The realization has struck me, that in dealing with 2D mazes, the main feat is to make them challenging, even though classical random ones might not be so to most people, unless we ramp up the size. So I've given this subject some thought, and have come up with a system to produce decent ones. Yet, these might still not be as good as certain others you'll find on the Web.

So we see here, that it's also possible to have a maze, which respects all the rules of maze-making, but in which we'd need to visit every cell in order to complete the maze. The 4th one above would be an example of that. Yet, the type I've given here is also so easy to solve, because at no point does anything branch off our quest, to give a dead end.

I just have to prove, that I can, after all, produce standard, random, 2D mazes. The previous exercise was just an attempt to make small, 2D mazes more difficult, than these purely random ones would be.

If you connect the cells randomly-within-general-rules, something sets in which is known as Statistics. Plainly put, if you just toss a bunch of coins in the air and let them land, the patterns of 'up' versus 'down' don't tend to confuse our brains that much, because our brains are already optimized to solve problems as problems come... And in the case of mazes, one tool we have visually (thanks for giving me a clue about his, Richard), is the ability to follow a straight line - straight until we hit a wall. So some people will solve mazes "more visually than logically". I think that just by reducing short-range order, we can slow puzzle-solvers down, even though the amount of long-range order is still very high.
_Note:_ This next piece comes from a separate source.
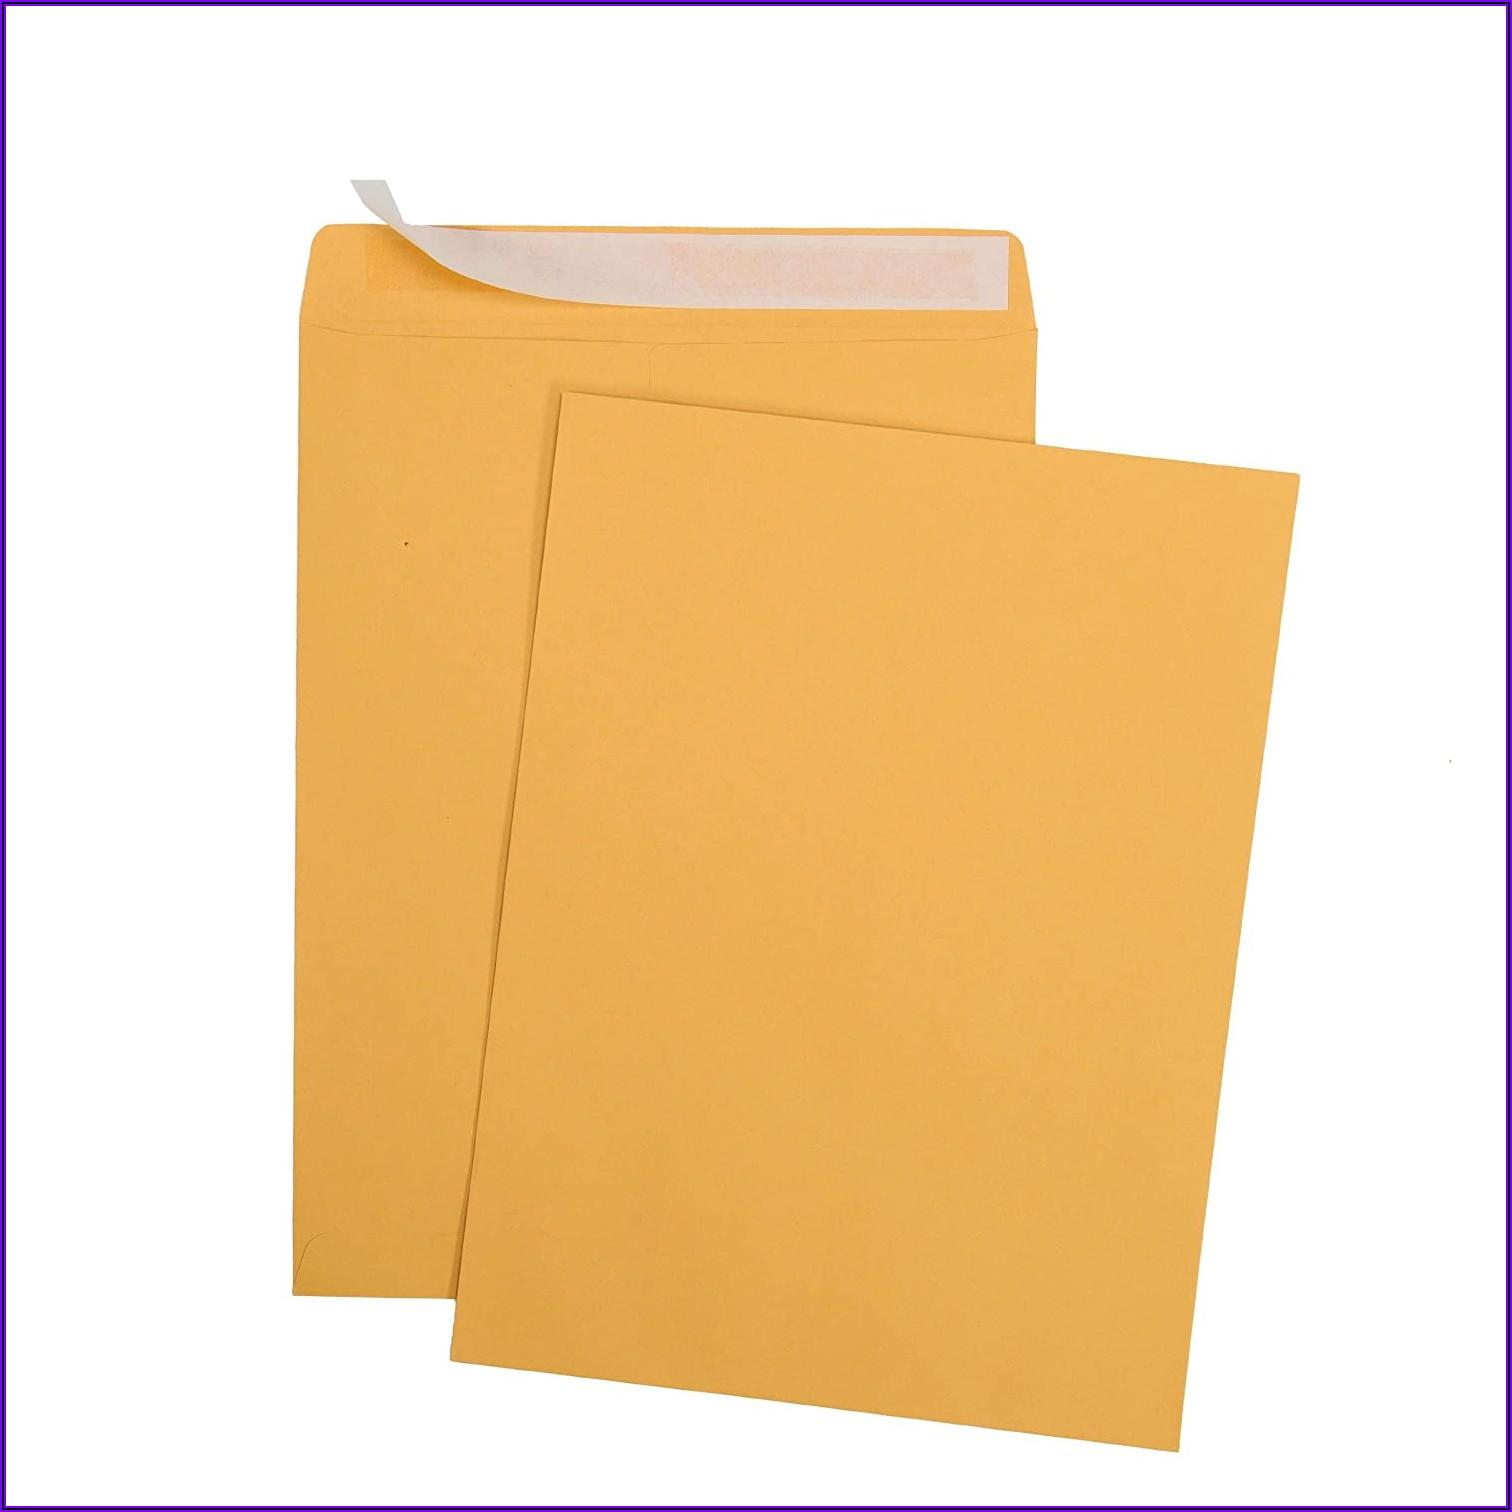 Self Seal Envelopes Bulk Pack White 9 X 12

In the case of "Tessy" above, there are actually very few permutations at the (d=2) and (d=3), higher levels, with a lot of randomness at (d=1), the lowest level. Yet, if I force the puzzle-solver to look at the problem using logic every time, it will take him ~an unknown number of seconds longer~ to solve a puzzle of a given size.

At least, I say so.

Another little segway I decided to add just now, concerns the question of how, analytically, it's possible to approximate curves, of which a finite number of points and/or derivatives are known, using a polynomial, of an arguably high degree.
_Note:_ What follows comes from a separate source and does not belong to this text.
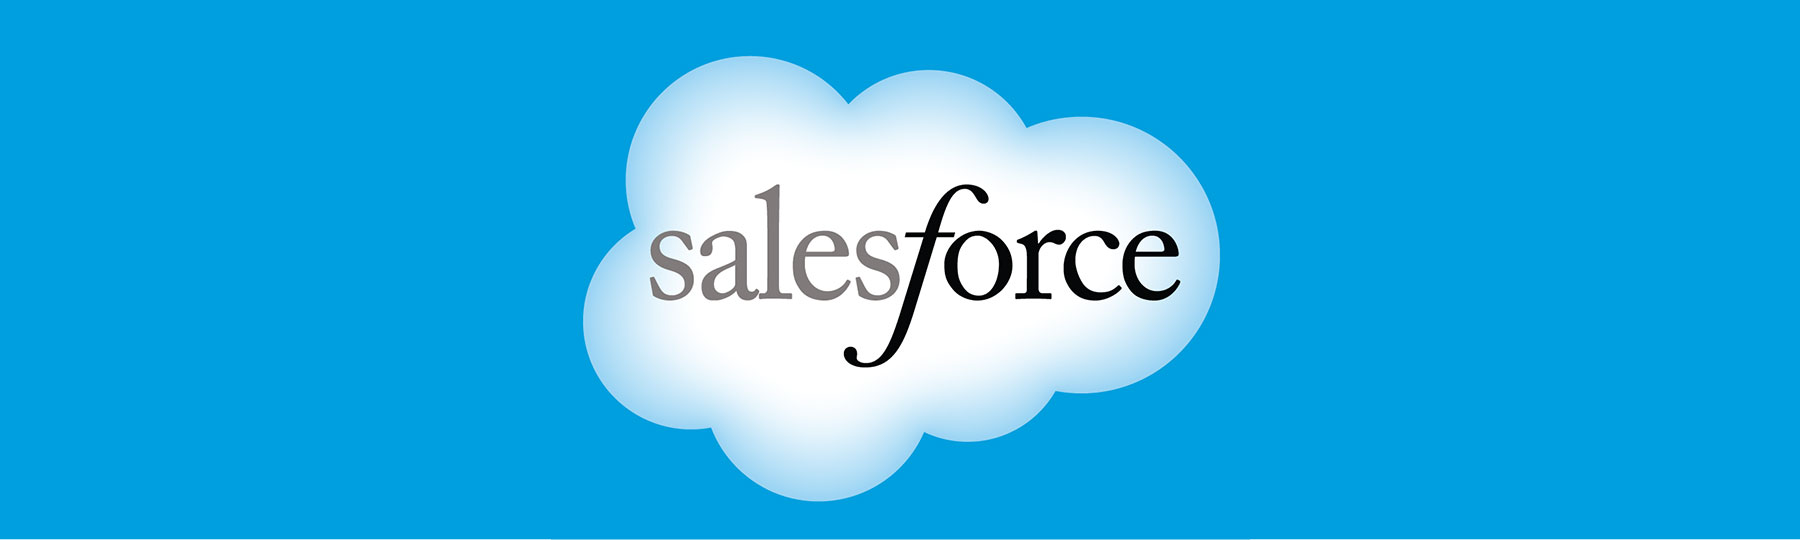 salesforce_view

Admittdely, when doing so, there will be two obvious technical problems.
1: Outside their intended domain (range of parameter values), polynomials rapidly become unstable, due to their high-order terms taking over, and
2: Actually computing polynomials of a high degree, let's say of the 8th degree, starts to cause round-off errors, as high-order terms become large but are supposed to cancel each other out partailly, so that accurate results remain within the intended domain.

It turns out that the approach above demonstrates that it's possible to satisfy the goal of a set of values, plus a set of derivatives, exactly, as long as at least 1 value is stipulated, and as long as the number of values plus the number of derivatives equals the degree of the polynomial + 1 . My above example uses only one parameter. However, advanced work has been done and documented elsewhere on the Internet, on how to find a polynomial for systems that are "overdetermined", which means that the numbers of values and derivatives exceed the degree, using Polynomial Regression, belonging to Statistics. Hence, in overdetermined examples, the resulting polynomial is an approximation, which may not even satisfy one point exactly. When I discovered the existence of this, I did not incorporate it into my page here, because I cannot prove it.
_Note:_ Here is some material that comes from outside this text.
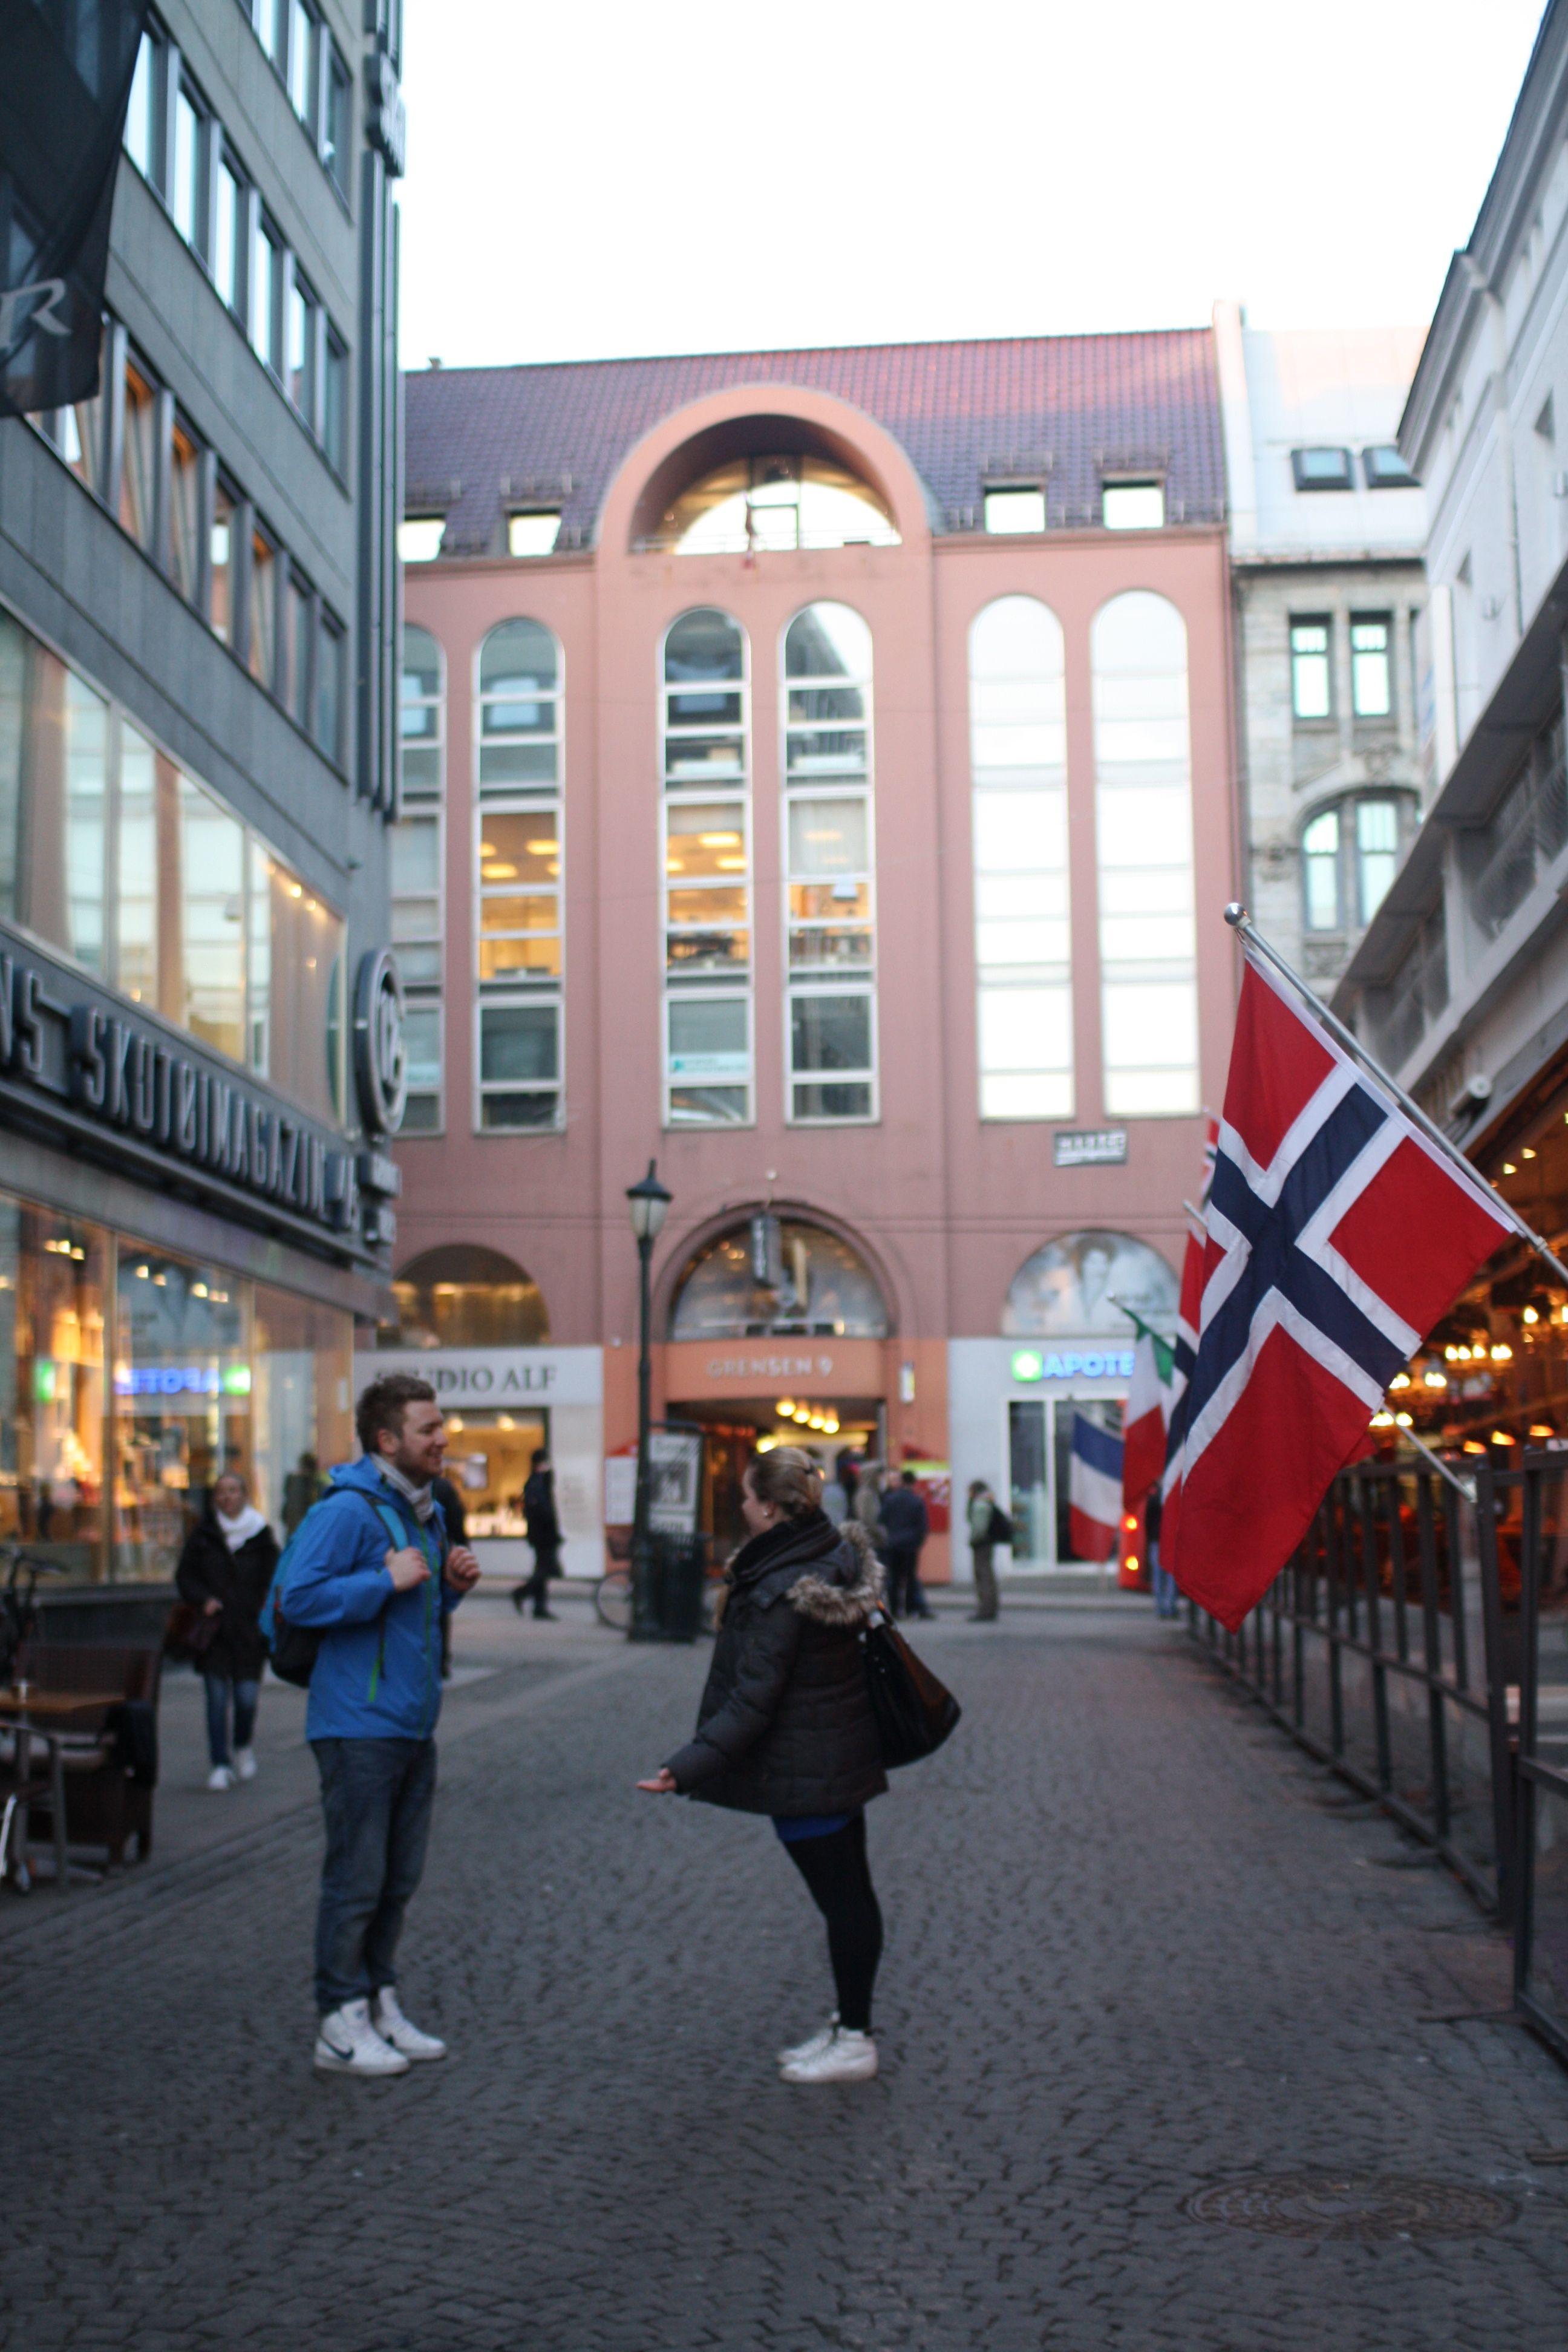 Oslo Sentrum in Oslo, Oslo

Further, instead of working in the 2D realm with the single parameter (u), it's possible to invent a second parameter (v) such that (v = 1 - u). And instead of working in the 3D realm wih the parameters (u, v) , it's posible to invent a third parameter (w) such that (w = 1 - u -v). I have learned that this approach is often taken in practical computing, because it gives simplicity to the cubic interpolation specifically.

The segway which I had already published above, into Shaders, records some of my observations into this practical pproach to cubic splines and surfaces, because they get used in Dx 11 Shaders, that have Hardware Tessellators:

My own Shader does not involve any Tessellators.